The Big Question: Bayesian or Frequentist?

Should you be a Bayesian?

Bayesian Statistics has a lot of good features. To begin with, it answers the right question, P(Hypothesis|Data). There are others as well:

Decision Theory

There is a branch of mathematics concerend with decision making. It is conceptually a very useful and important one:

• Should you buy a new car, or keep the old one for another year?
• Should you invest your money into the stock market or buy fixed-interest bonds?
• Should the goverment lower the taxes or instead use the taxes for direct investments?

In decision theory one starts out by choosing a loss function, that is a function that assigns a value (maybe in terms of money) to every possible action and every possible outcome.

Example You are offered the following game: you can either take $10 (let's call this action a), or you can flip a coin (action b). If the coin comes up heads you win $50, if it comes up heads you loose $10. So there are two possible actions: take the $10 or flip the coin, and three possible outcomes, you win $10, $50 or loose $10. We need a value for each combination. One obvious answer is this one:

L(a)=10, L(b,"heads")=50, L(b,"tails")=-10

But there are other possibilities. Say you are in a bar. You already had food and drinks and your tab is $27. Now you notice that you only have $8 in your pocket (and no credit card etc.) Now if you win or loose $10 it doesn't matther, either way you can't pay your bill, and it will be very embarrassing when it comes to paying. But if you win $50, you are fine. Now your loss function might be:

L(a)=0, L(b,"heads")=1000, L(b,"tails")=0

The next piece in decision theory is the decision function. The idea is this: let's carry out an experiment, and depending on the outcome of the experiment we chose an action.

• Should you invest your money into the stock market or buy fixed-interest bonds?
Let's do this: we wait until tommorrow. If the Dow Jones goes up, we invest in the stock market, otherwise in bonds.

In decision theory a decision rule is called inadmissible if there is another rule that is better no matter what the outcome of the experiment. Obviously it makes no sense to pick an inadmissible rule.

So what's the connection to Bayesian Statistics? First there are Bayesian decision rules, which combine prior knowledge with the outcome of the experiment.

• based on the movement of the Dow Jones in the last year, I have a certain probability that it will go up over the next year.

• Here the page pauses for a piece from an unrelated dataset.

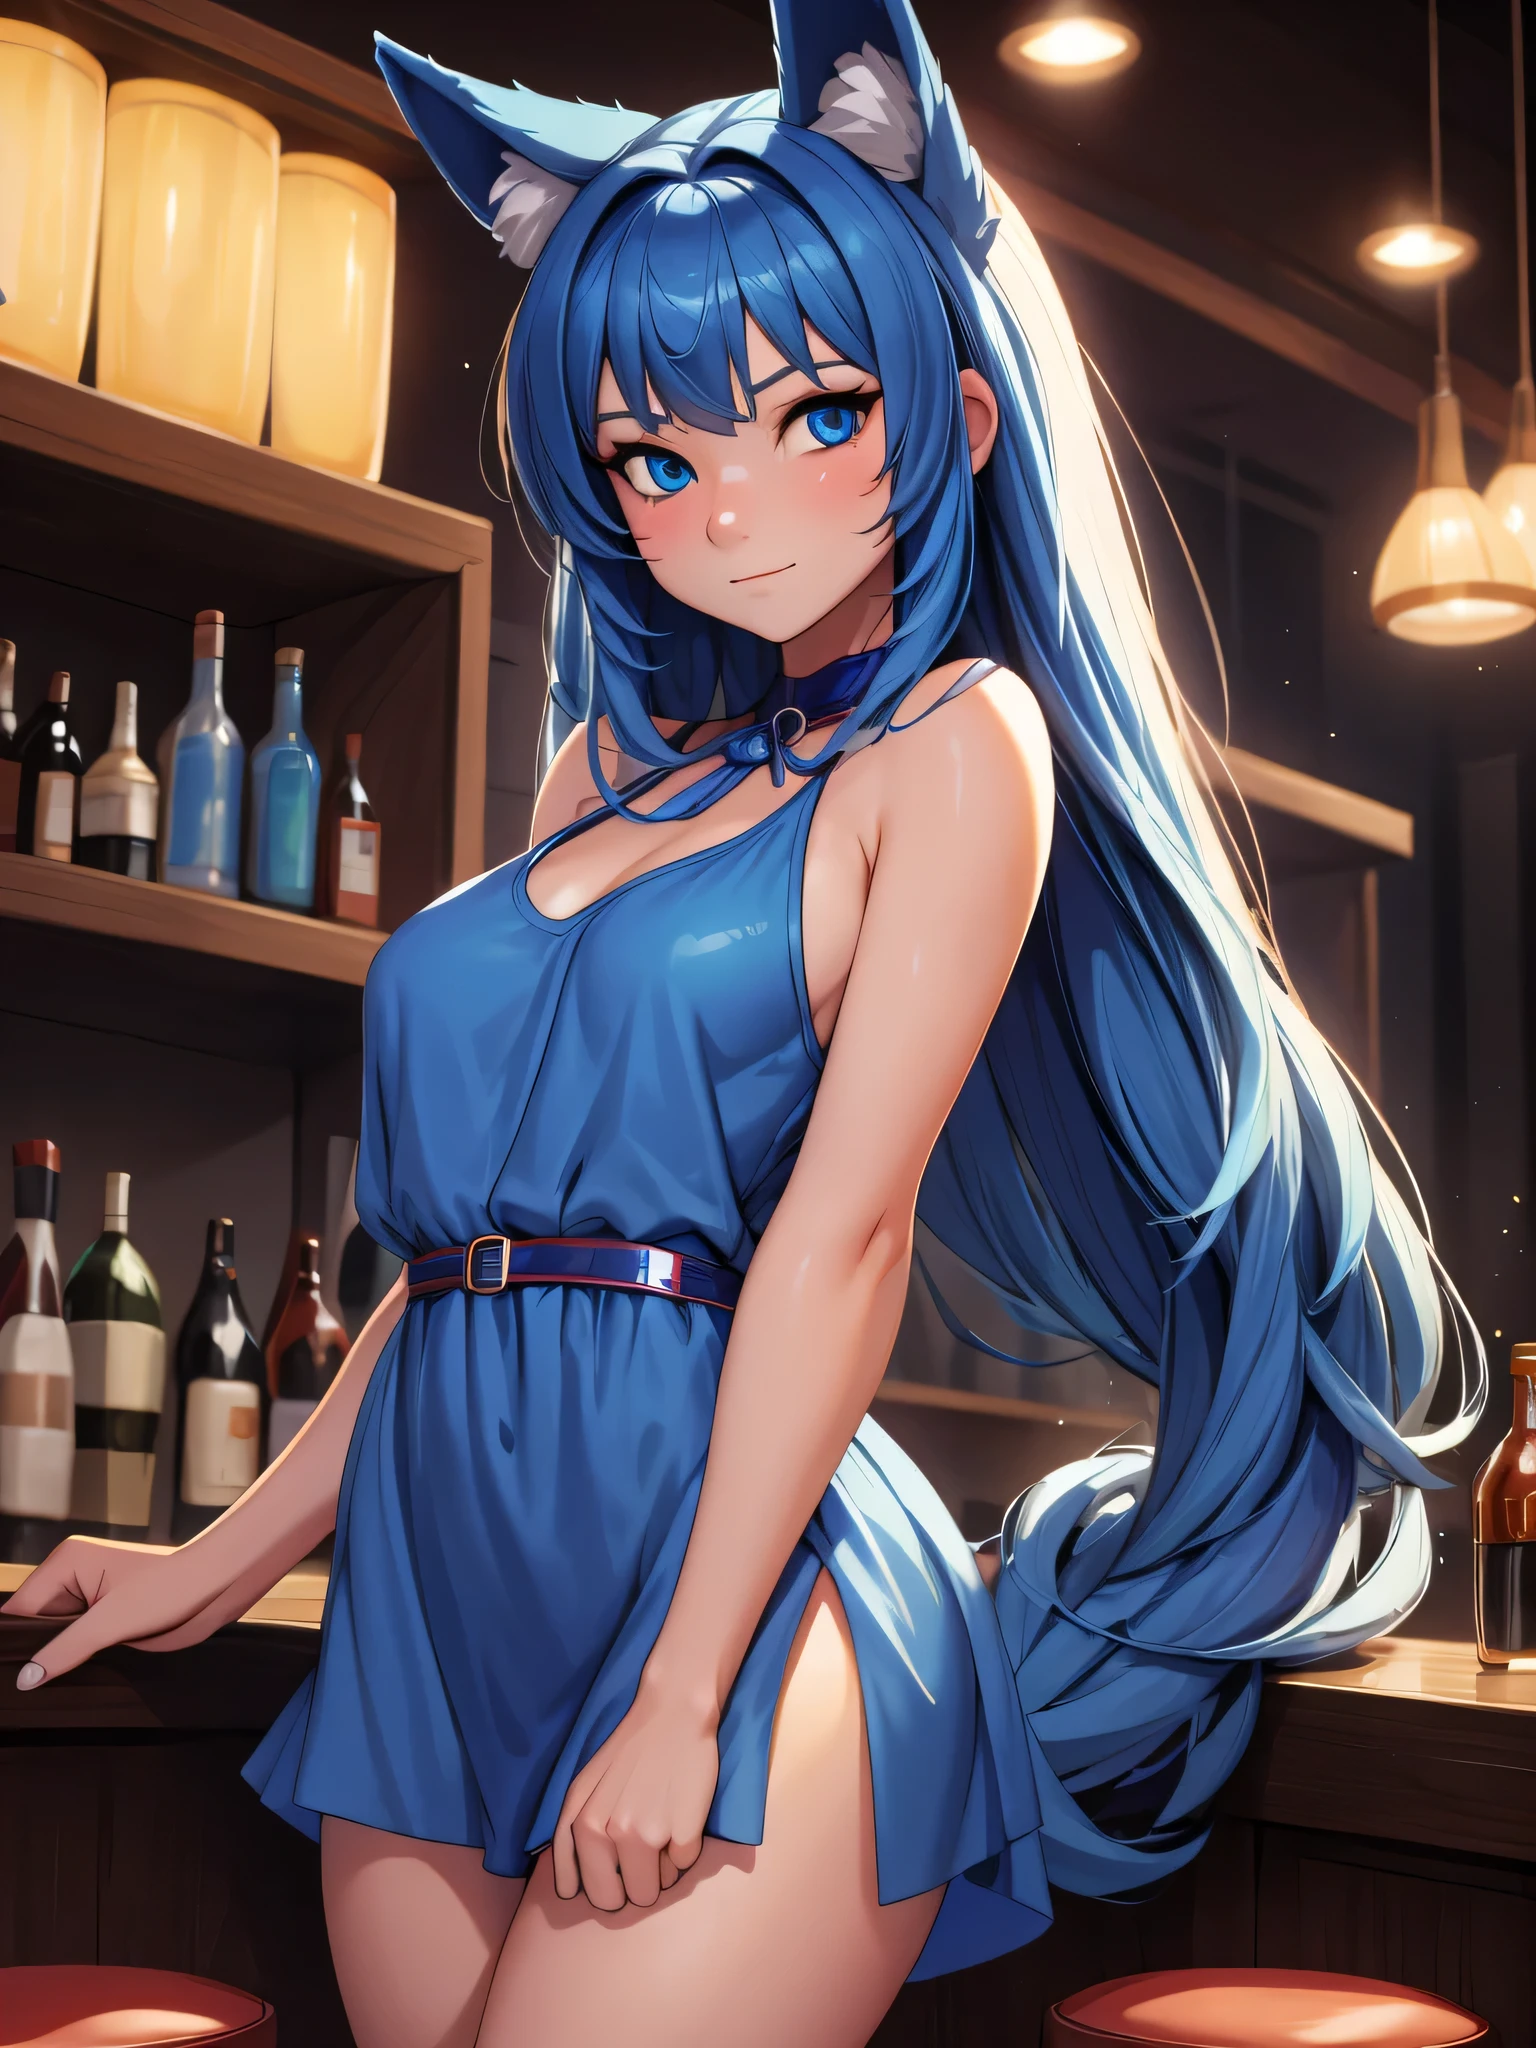 (Masterpiece) (High Detail) (High Res) A close up of short  humanoid girl with pale human skin and blue eyes and long blue hair and blue dog ears and a big fluffy dog tail and small average breasts. British face. She is stood alone against the bar in a nightclub and is wearing a blue sequin covered dress. She looks shy.
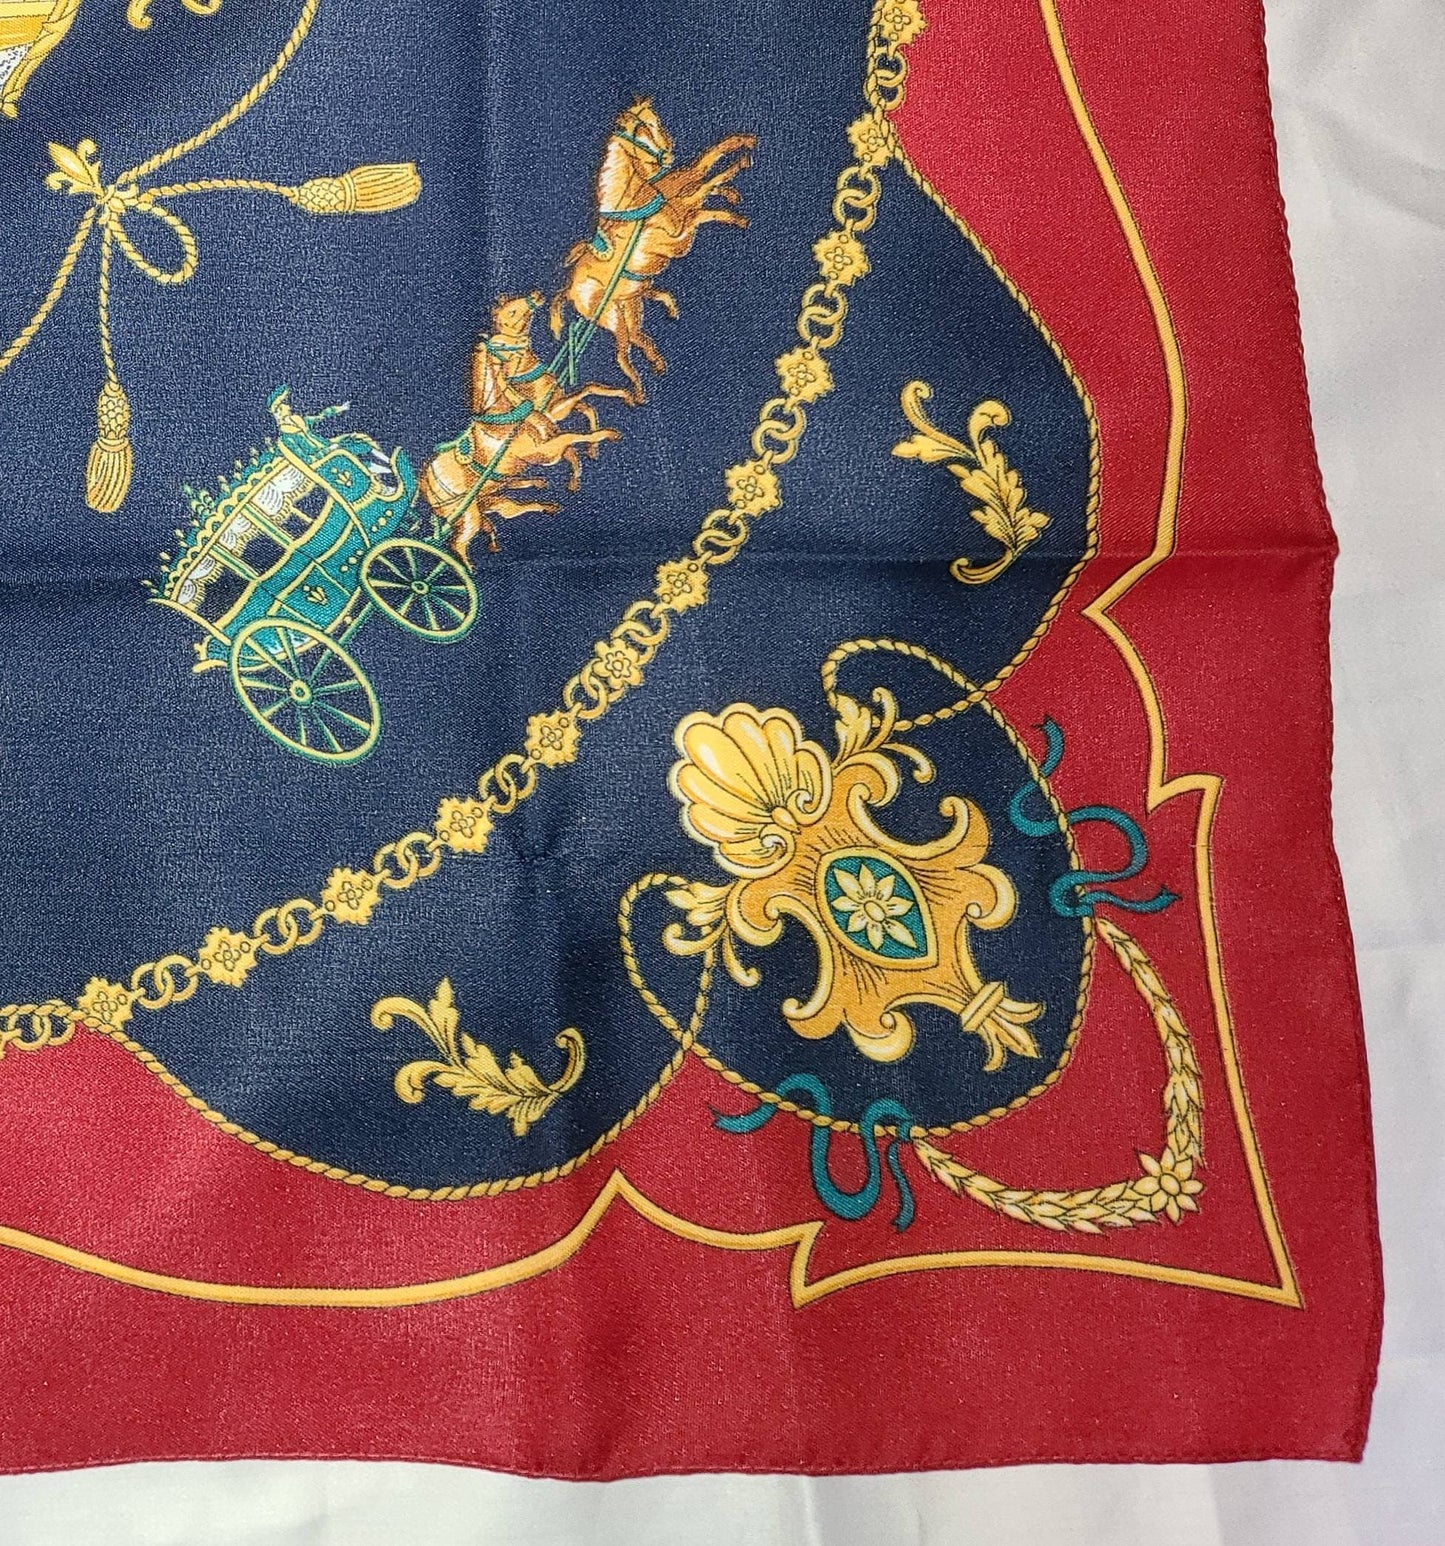 Vintage Equestrian Scarf 1960s 70s Thin Rayon Dark Blue Gold Red Horse Building Print Scarf Famous Building Boho 29.5 x 30.5 in.

Now there is a famous theorem (the complete class theorem) that says that all admissible rules are Bayesian decision rules for some prior.

Optimality

Obviously when we do something it would be nice to do it in an optimal (best) way. It turns out that in Bayesian statistics it is often possible to show that a certain method is best, better or at least as good as any other.

Why to be a Frequentist

Because you hate priors

or better to say you don't like the subjectivity introduced by priors. In Bayesian statistics it is entirely possible that two Scientists who have the same data available and use the same method for analysis come to different conclusions, because they have different priors.

Because Frequentist methods work

For most of the history of Statistics, that is from about 1900 to about 1960, there was (essentially) only Frequentist Statistics. In this time (and since) many methods have been developed that worked very well in practise. Many of those turn out to be also Bayesian methods when the right prior is used, but not all!

Example one of the most useful modern methods, called the Bootstrap, is a purely Frequentist method with no Bayesian theory. (Actually there is something called the Bayesian bootstrap, but it is not the same as the classical bootstrap)

Example A standard technic in regression is to study the residuals. This, though, violates the likelihood principle and is therefore not allowed unter the Bayesian paradigm. Actually, most Bayesians study the residuals anyway.

Simplicity

Even for the easiest problems ("estimate the mean GPA of students at the Colegio") a Bayesian analysis always seems to be complicated (choose a prior and a loss function, calculate the posterior, extract the estimate from the posterior, try to do all of this optimally) Frequentist solutions are often quick and easy.